Foto: suaramerdeka.com / dok

Anggia/Ketut Gagal Hentikan Unggulan Pertama

Foto: suaramerdeka.com / dok

Foto: suaramerdeka.com / dok

KOWLOON, suaramerdeka.com – Ganda putri Indonesia Anggia Shitta Awanda/Ni Ketut Mahadewi terhenti pada babak dua Hong Kong Terbuka Super Series 2016. Bermain di Hong Kong Coliseum, Kowloon, Kamis (24/11), mereka ditumbangkan unggulan pertama, Misaki Matsutomo/Ayaka Tahashi dari Jepang, dua gim langsung, 19-21, 11-21.

Pada gim pertama, perolehan poin berlangsung lebih ketat. Anggia/Ketut sempat beberapa kali mencuri poin untuk memimpin di lapangan. Namun akhirnya tetap belum berhasil menang. Masuk gim dua, laju pasangan Jepang tak berhasil disusul Anggia/Ketut. Mereka kalah 11-21.

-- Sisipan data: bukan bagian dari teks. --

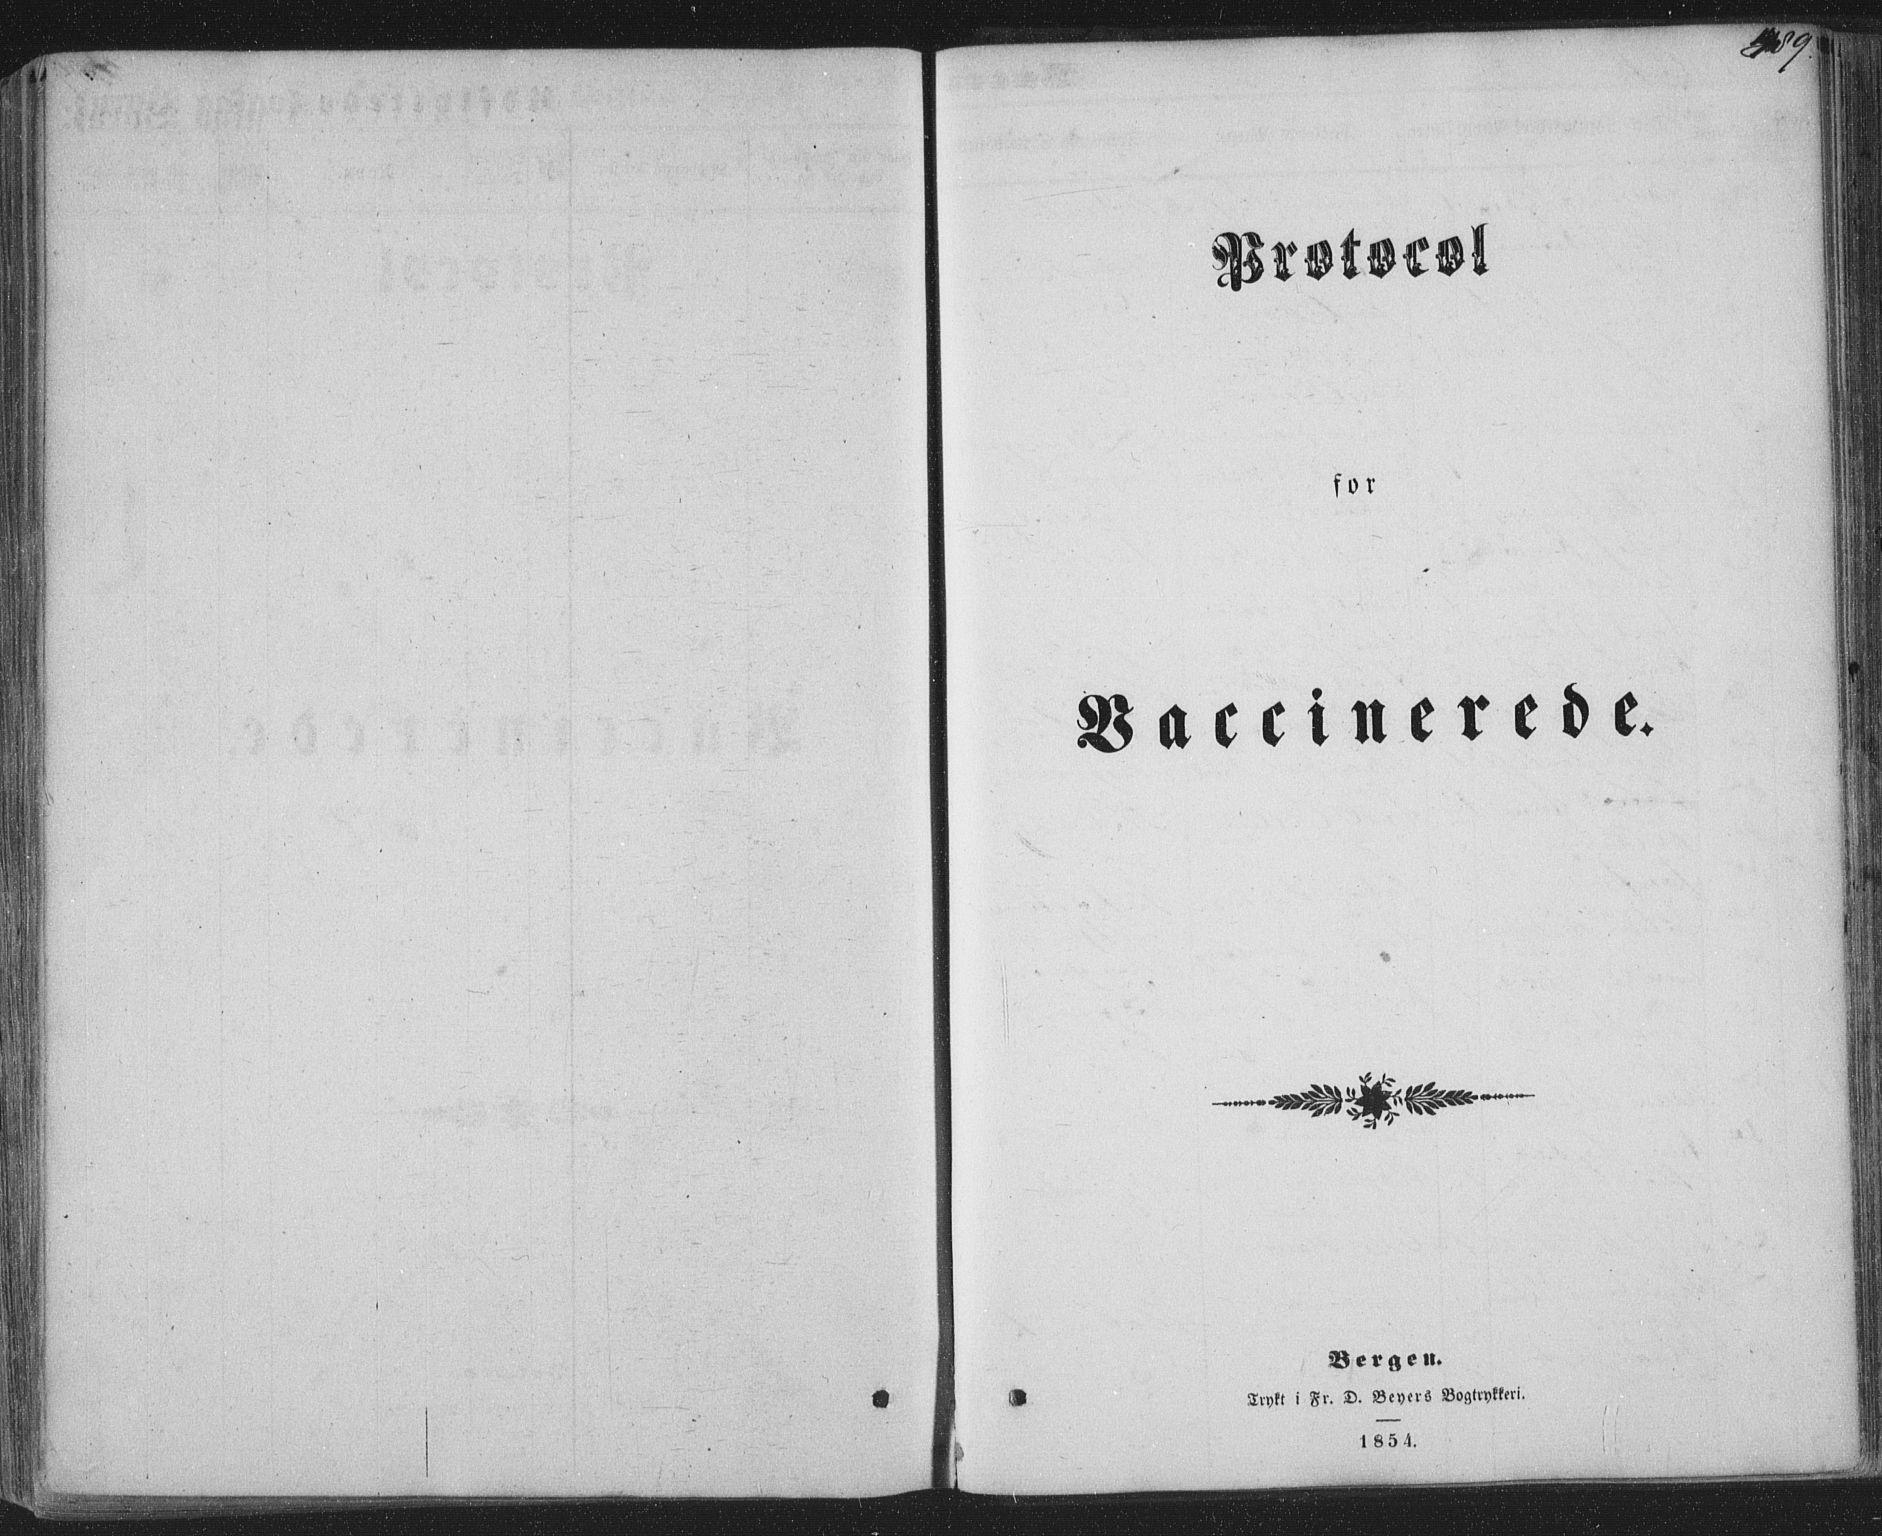 SAT, Ministerialprotokoller, klokkerbøker og fødselsregistre - Nordland, 863/L0896: Ministerialbok nr. 863A08, 1861-1871, s. 489

‘’Di gim pertama mereka kurang enak mainnya. Tidak diapa-apakan mati sendiri. Jadi memang tidak ada reli-reli panjang. Tapi masuk ke gim dua mereka benar-benar oke banget mainnya di lapangan. Kami juga banyak melakukan kesalahan,’’ kata Ketut, usai pertandingan sebagaimana rilis Tim Humas dan Media Sosial PP PBSI.

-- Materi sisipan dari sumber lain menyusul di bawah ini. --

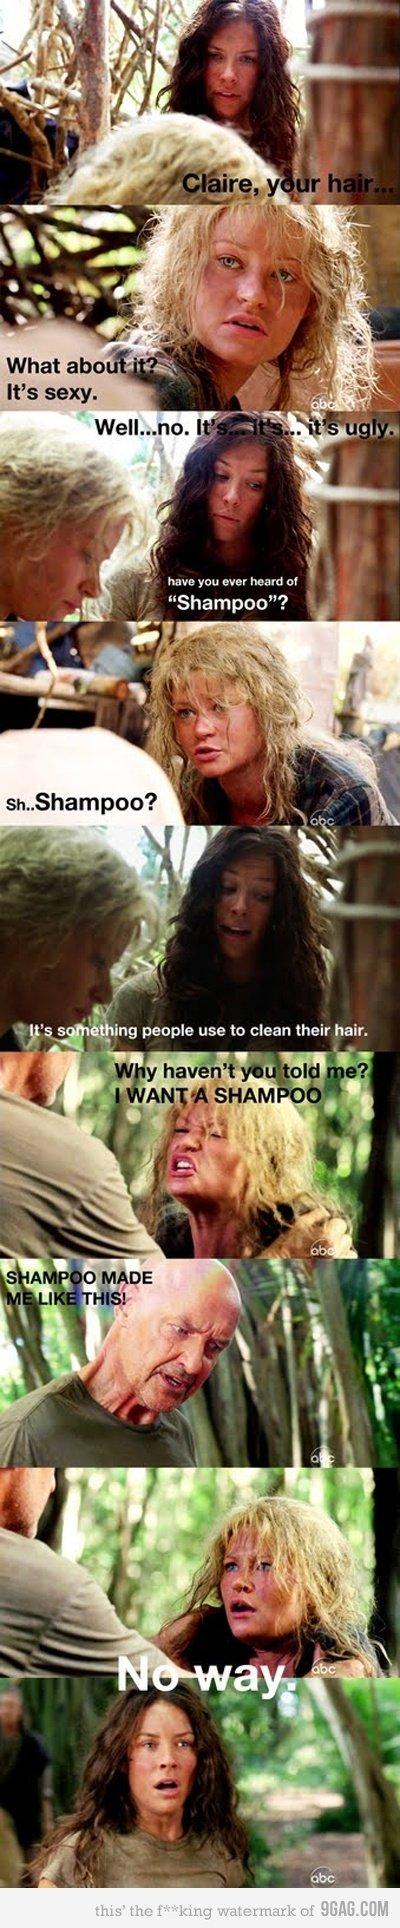 Shampoo. I don't ever want to go bald... lol tags

‘’Mereka tipenya menyerang. Bola terusan mereka juga bagus banget dan cepat,’’ kata Anggia. ‘’Mereka mainnya cepat dan kuat. Dimana dua hal itu juga merupakan fondasi awal di ganda putri. Tidak ada bolongnya mereka, pertahanannya rapat,’’ ujar Ketut
menambahkan.

Ini sebenarnya merupakan pertemuan kedua Anggia/Ketut dengan Matsutomo/Takahashi. Di Prancis Terbuka 2016, bulan lalu, Anggia/Ketut kalah 13-21, 18-21.Anggia/Ketut kini kembali harus bersiap. Rangkaian turnamennya bulan ini belum selesai. Setelah Tiongkok Terbuka dan Hong Kong Terbuka, mereka juga dijadwalkan turun di Makau Terbuka pekan depan.

‘’Ketahanan di lapangan kami harus lebih baik. Lebih berani dengan bola lanjutan. Tadi kami banyak kosongnya,’’ kata Anggia mengevaluasi penampilannya.

‘’Harapannya di Makau bisa memberikan hasil yang jauh lebih baik dibandingkan Tiongkok Terbuka dan Hong Kong Terbuka ini. Kami harus menjaga mental, soalnya di dua pertandingan kalah babak dua terus. Kami harus tetap bersemangat,’’ ujar Ketut.